What is expected:
Set down the data below word for word, and leave the images aside.

Data below:
┏━━

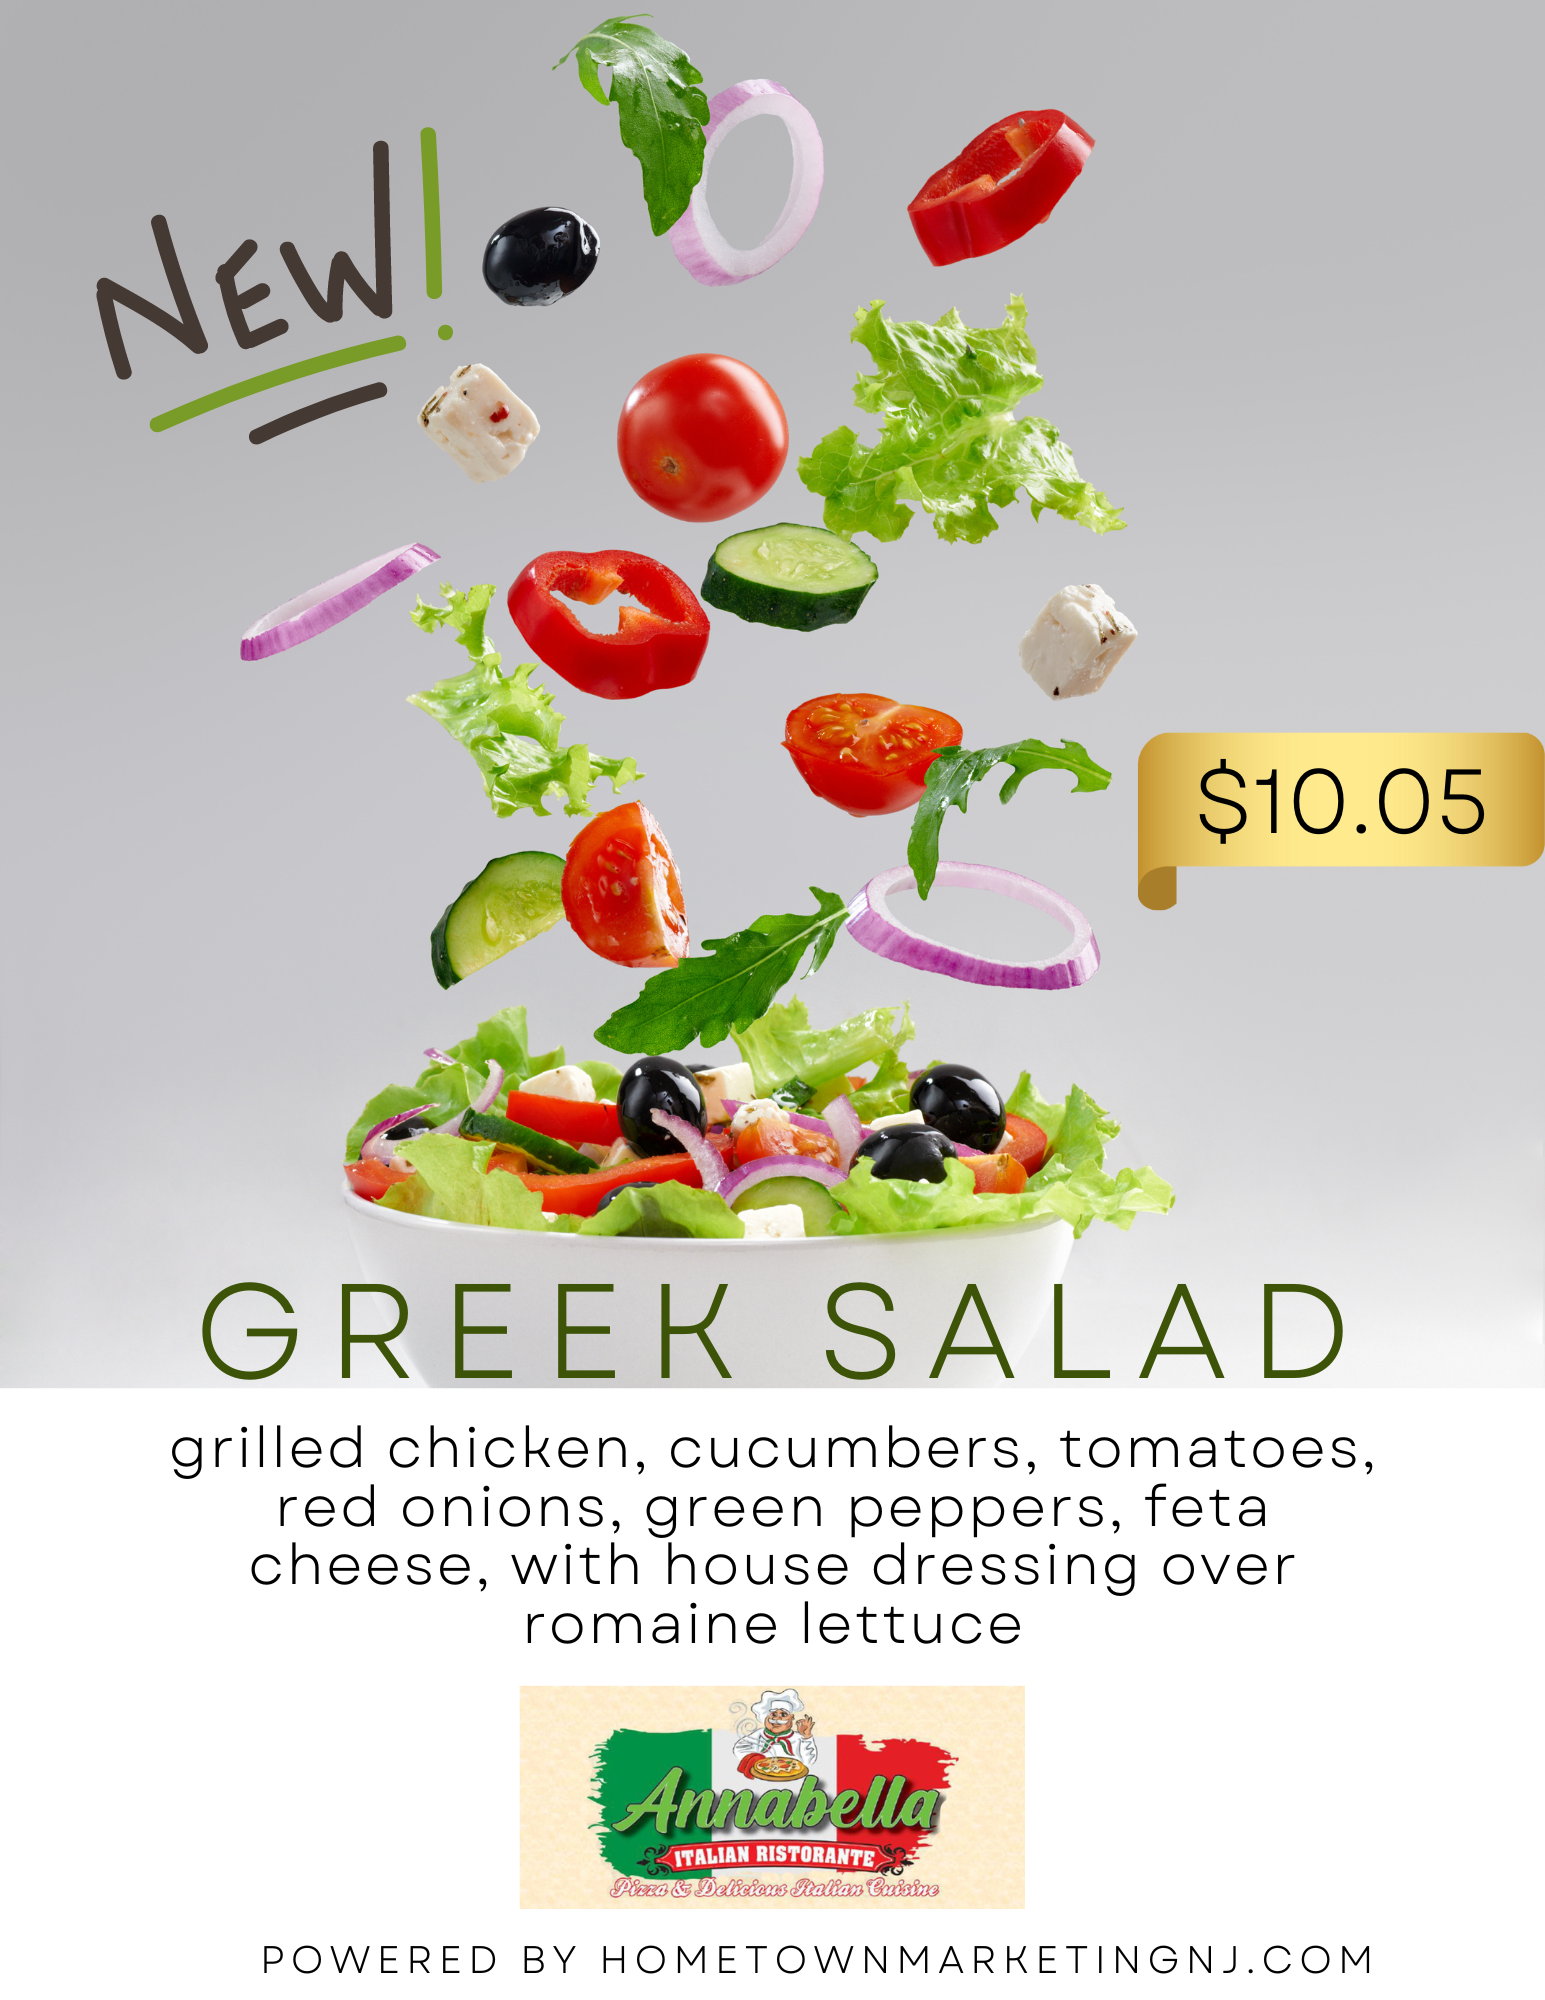 Annabella Greek Salad
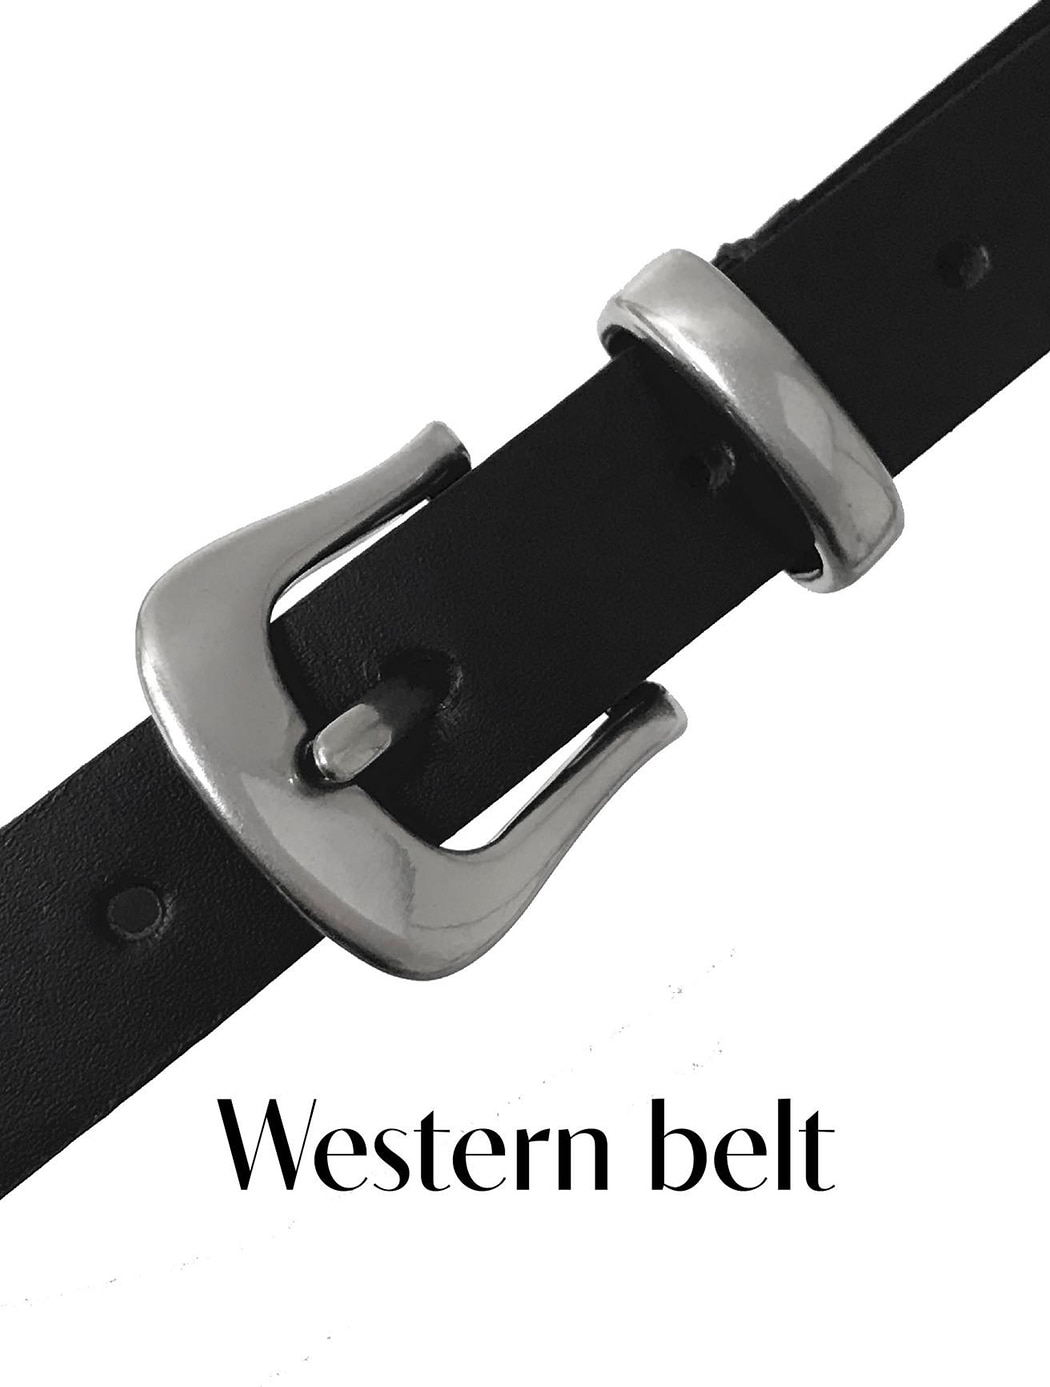 Western belt
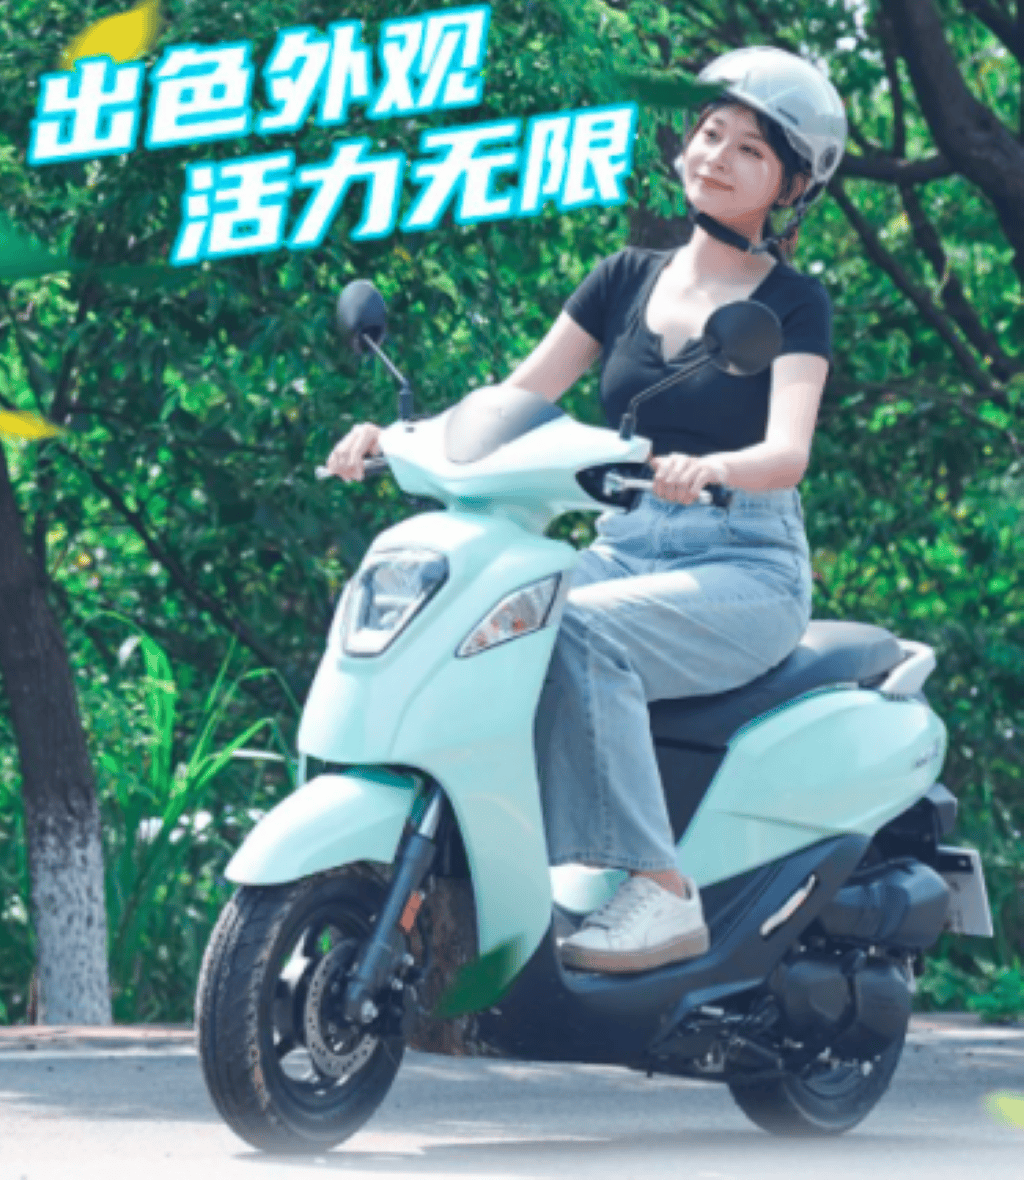 Honda Genio 110 phiên bản “hạ bánh”, biến thành NS110Q tại thị trường Trung Quốc ảnh 8
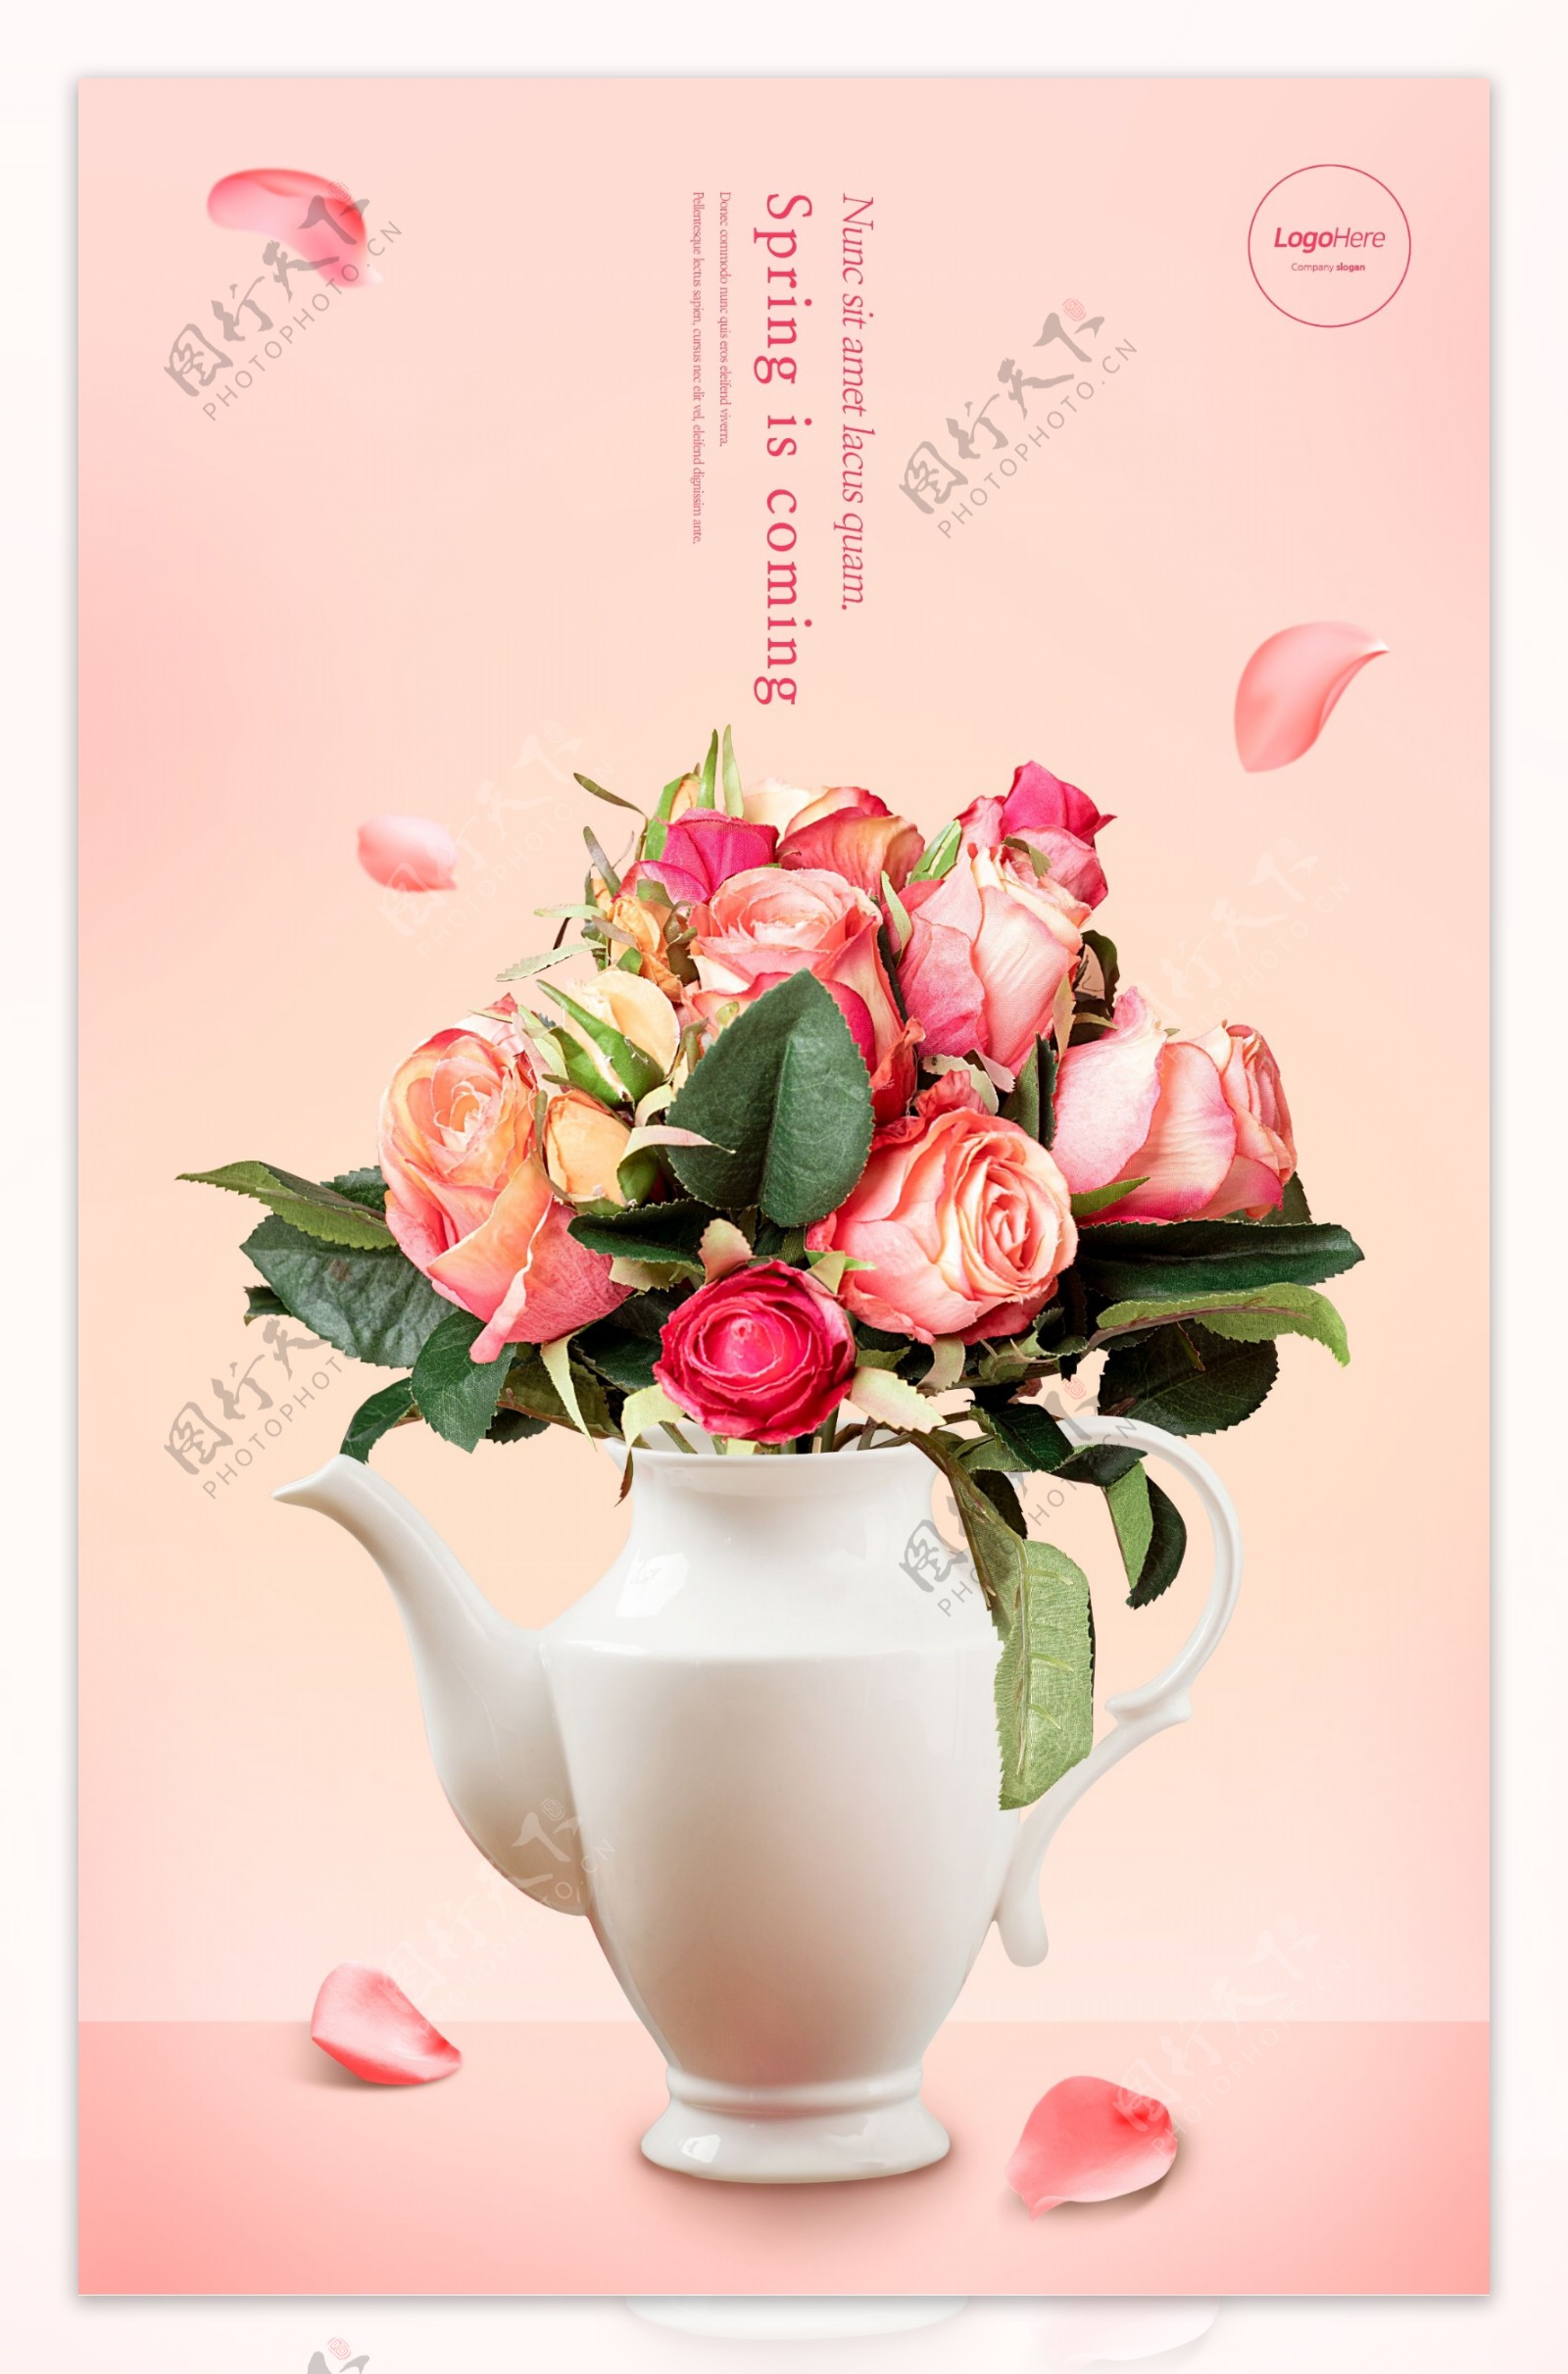 白瓷茶壶玫瑰花束纷飞花瓣

┗━━

Written answer:
 Annabella Greek Salad
 Western belt
 Honda Genio 110 phiên bản “hạ bánh”, biến thành NS110Q tại thị trường Trung Quốc ảnh 8
 白瓷茶壶玫瑰花束纷飞花瓣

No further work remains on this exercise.